Souterrain, Cashellahenny, Co. Mayo
Co. Mayo |
Settlement Sites
Beneath the interior of a stone cashel in Cashellahenny, County Mayo, a passage runs underground that the Ordnance Survey mapmakers of 1920 simply labelled "Cave".
It is a souterrain, an underground stone-lined tunnel of the kind built throughout early medieval Ireland, typically for storage, refuge, or ventilation of a settlement. The entrance opening, roughly a metre across in either direction, sits in the western half of the cashel interior, about five metres from the enclosing wall. Below that opening, the passage runs on an east-west axis, its walls built in drystone technique and its ceiling formed from massive roofing slabs.

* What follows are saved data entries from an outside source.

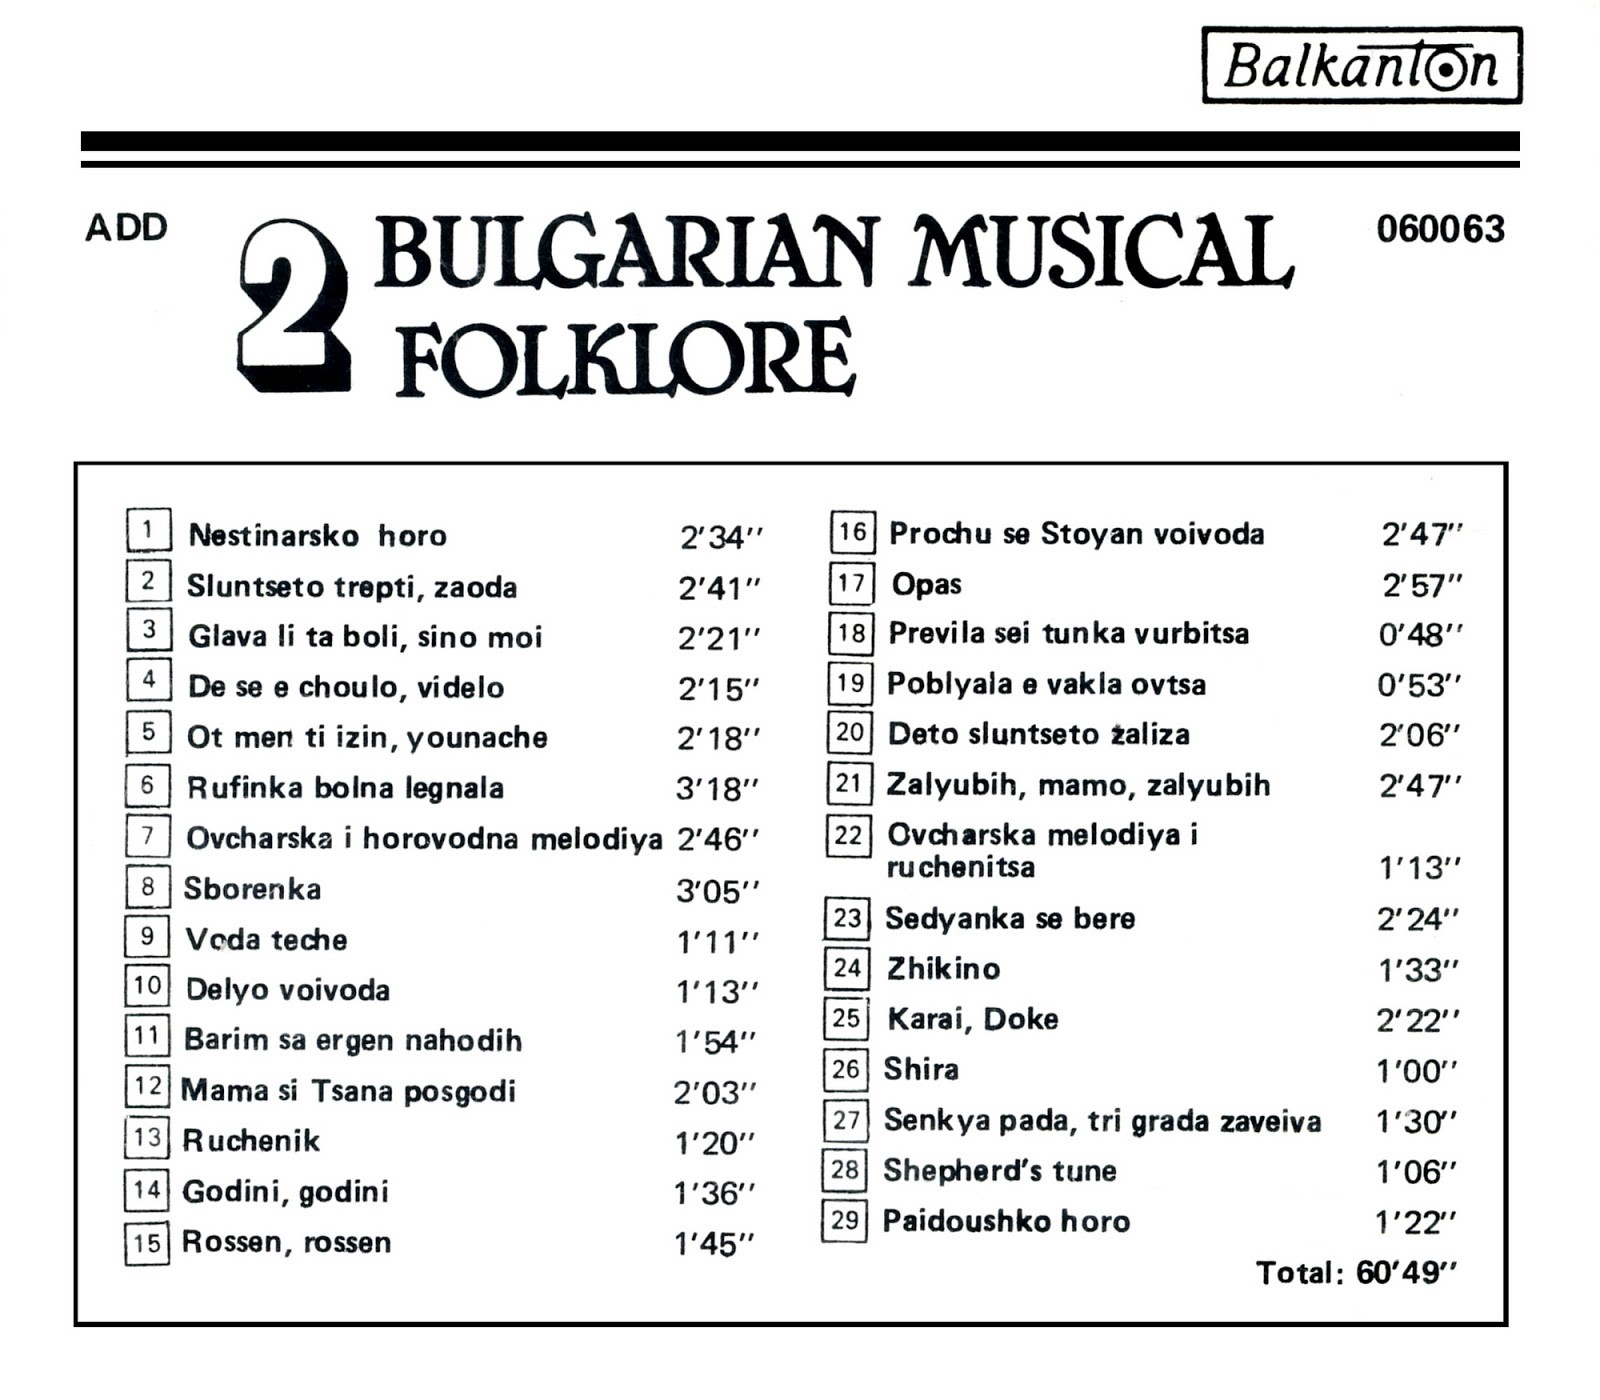 Bulgarian Musical Folklore (2)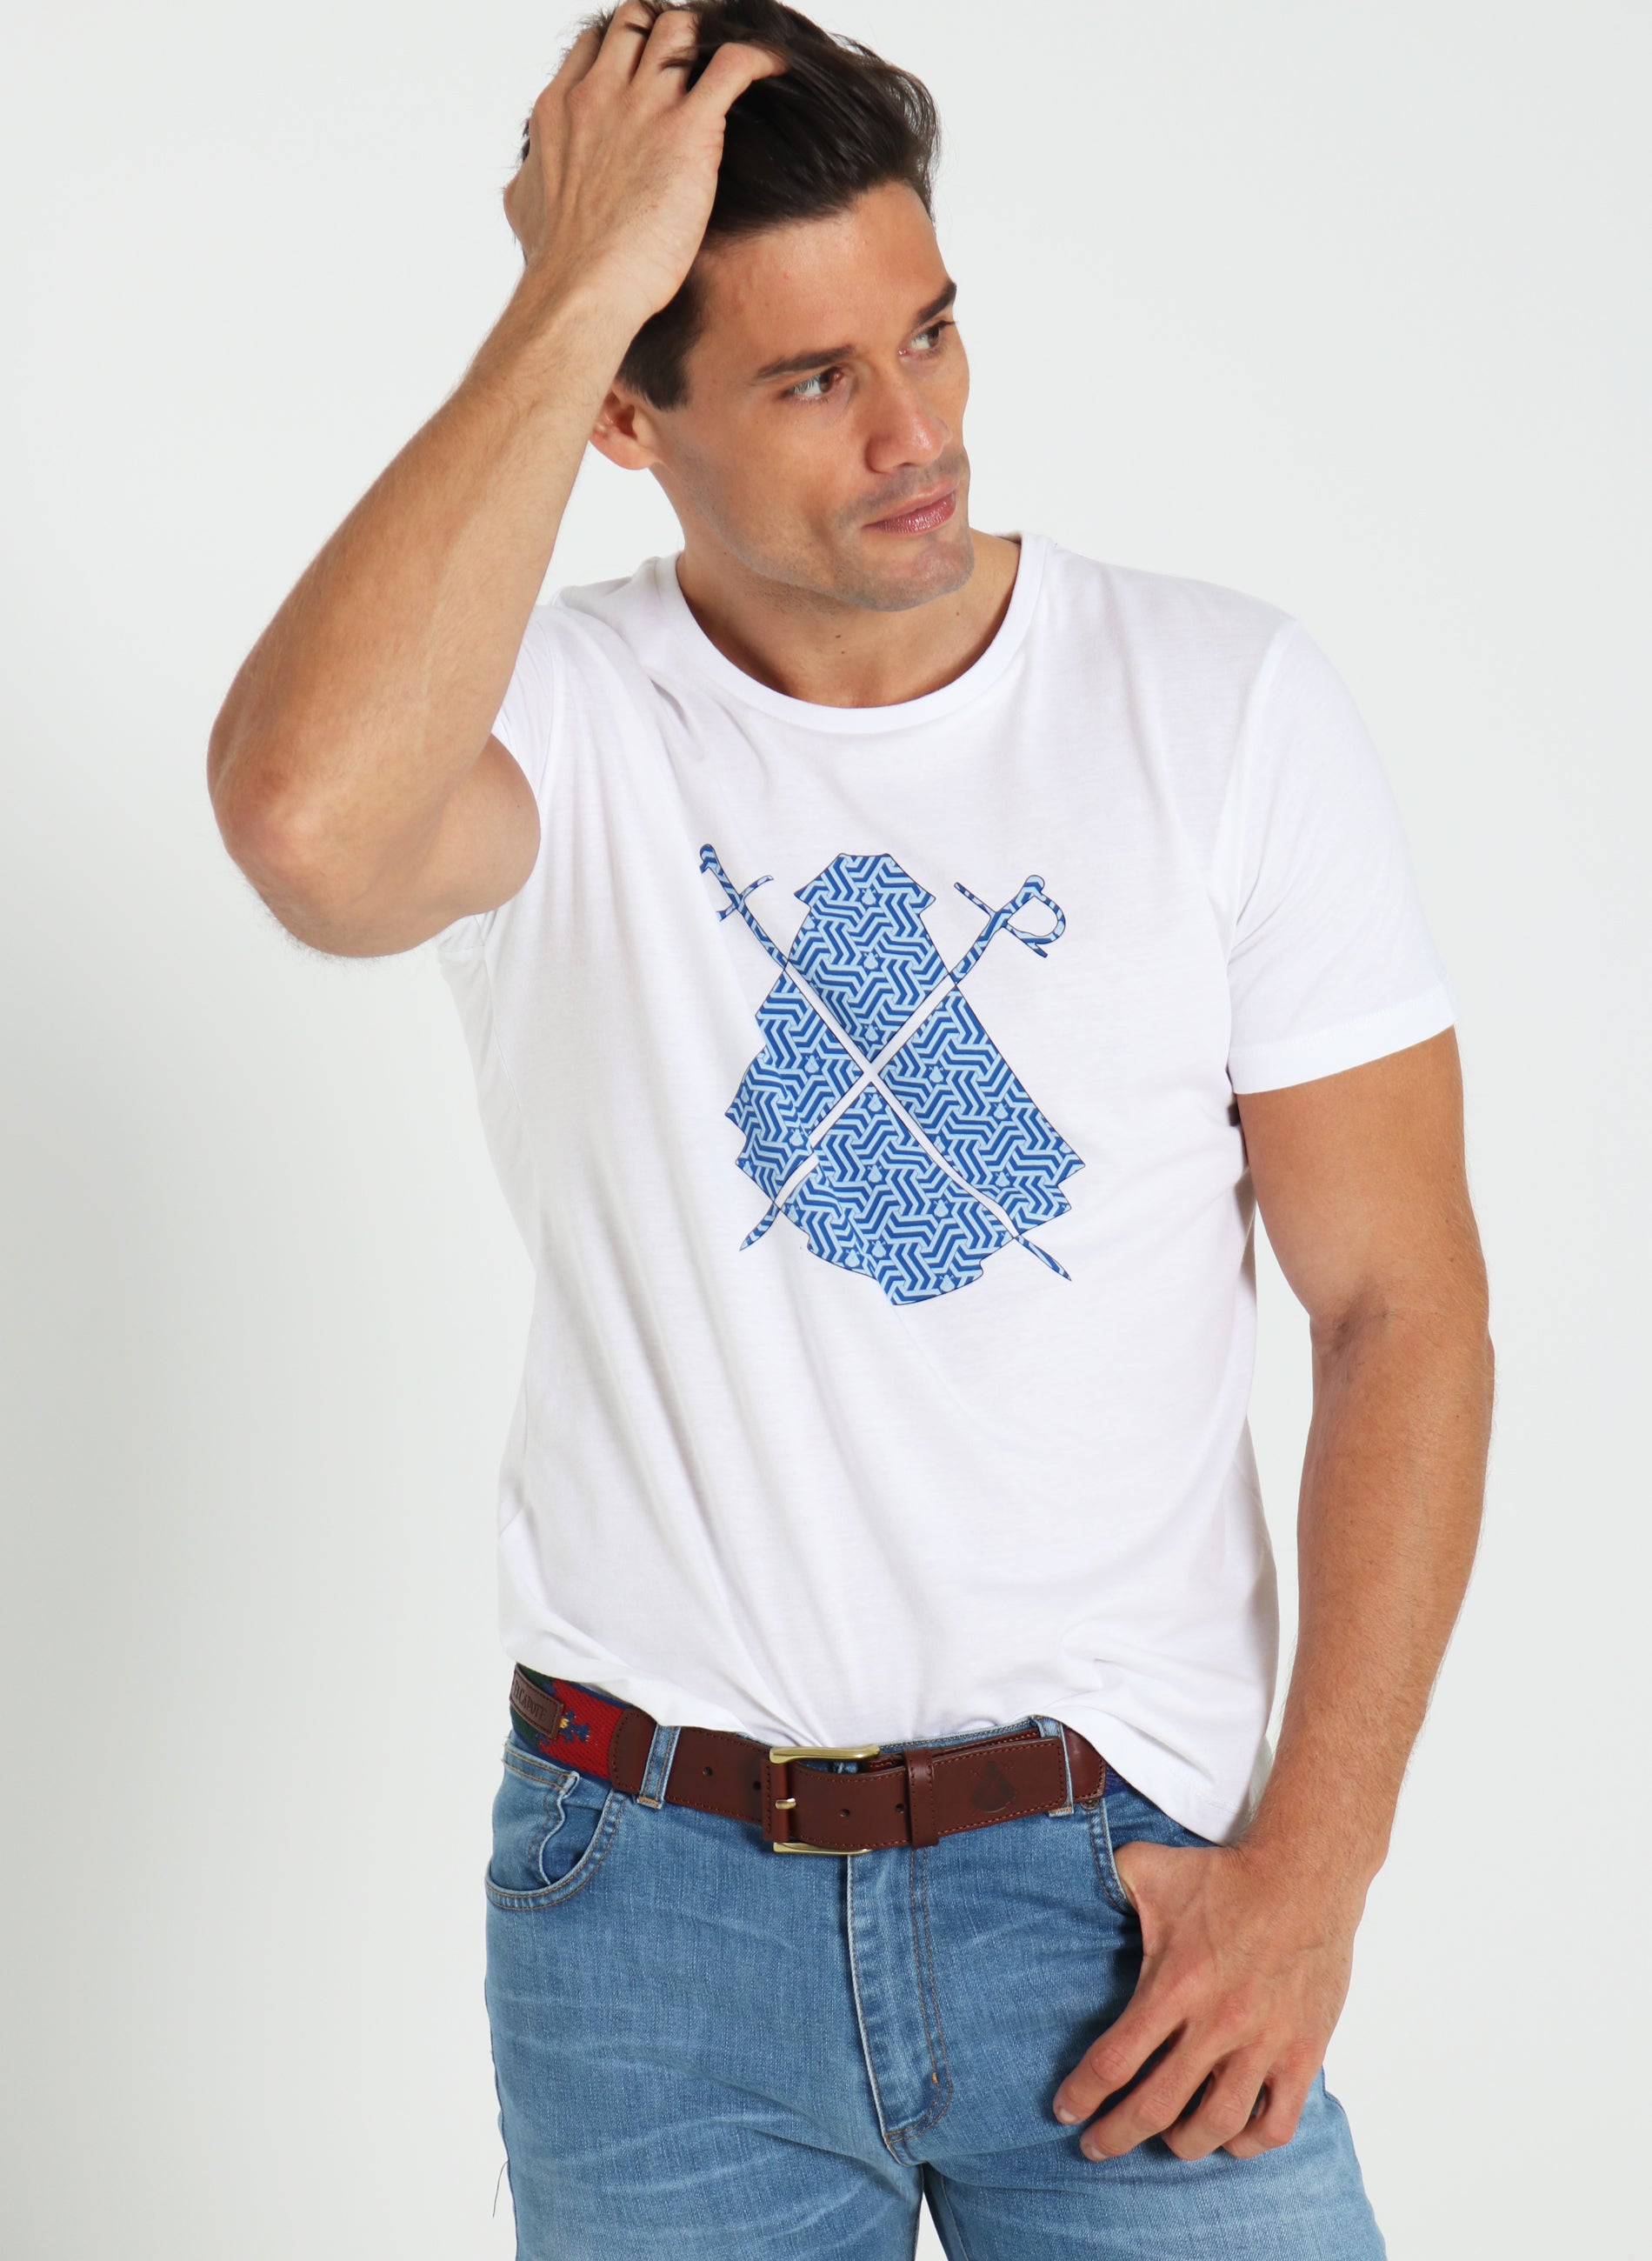 Weißes T-Shirt für Männer Multilogos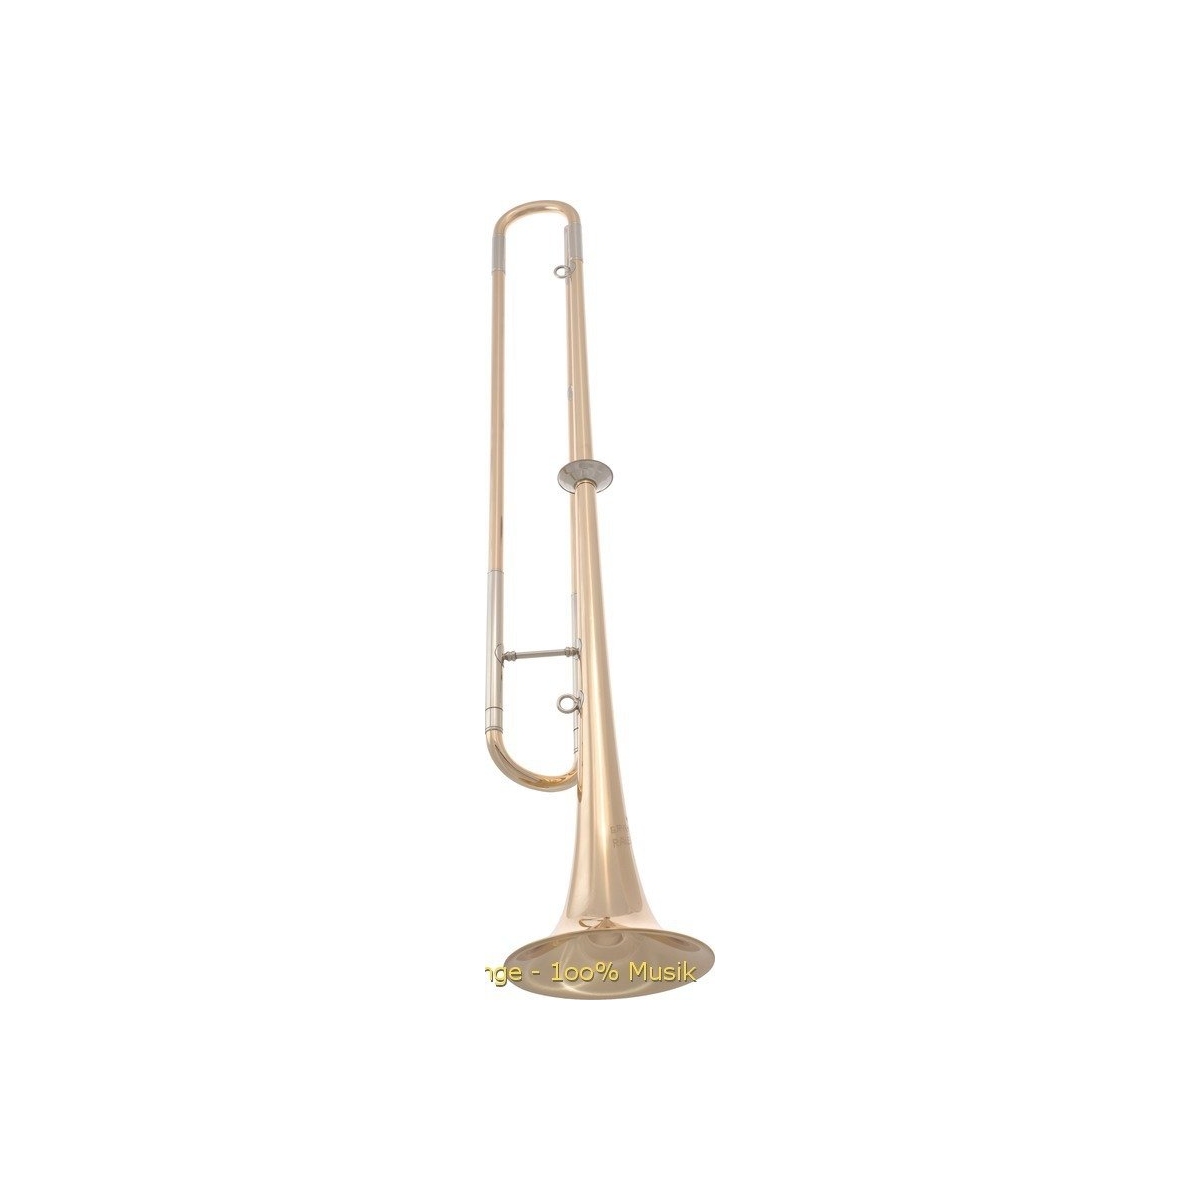 Original Steiff Zubehör Trompete Fanfare ca 14cm lang aus Metall sehr massiv 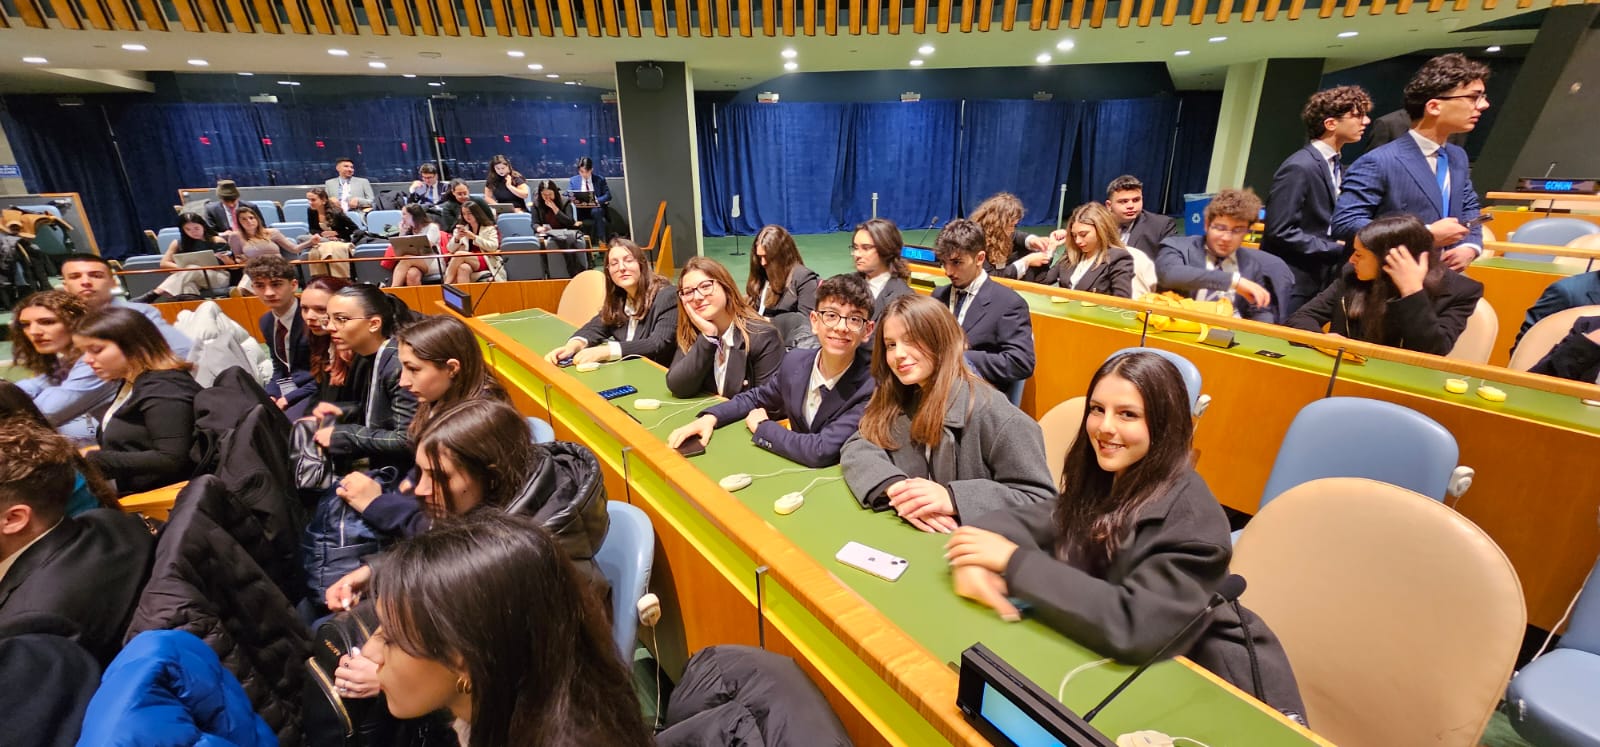 Caltanissetta. Esperienza formativa per gli studenti dell’IISS “Luigi Russo” a New York con il progetto Muner  dell’Onu

A cashel is a roughly circular enclosure defined by a drystone wall, and this one contains the souterrain as a deliberate feature of its original design rather than a later addition. The passage is partly infilled now with loose stones and soil, so its full extent cannot easily be read from above, but something of its path can still be traced at ground level. A slight linear rise, a low scarp about a metre wide and roughly twenty-five centimetres high on its northern side, runs across the cashel floor from the opening at the west all the way to the cashel wall at the east-south-east. It is the buried passage pushing back against the surface, its presence made legible by the faintest topographic shadow.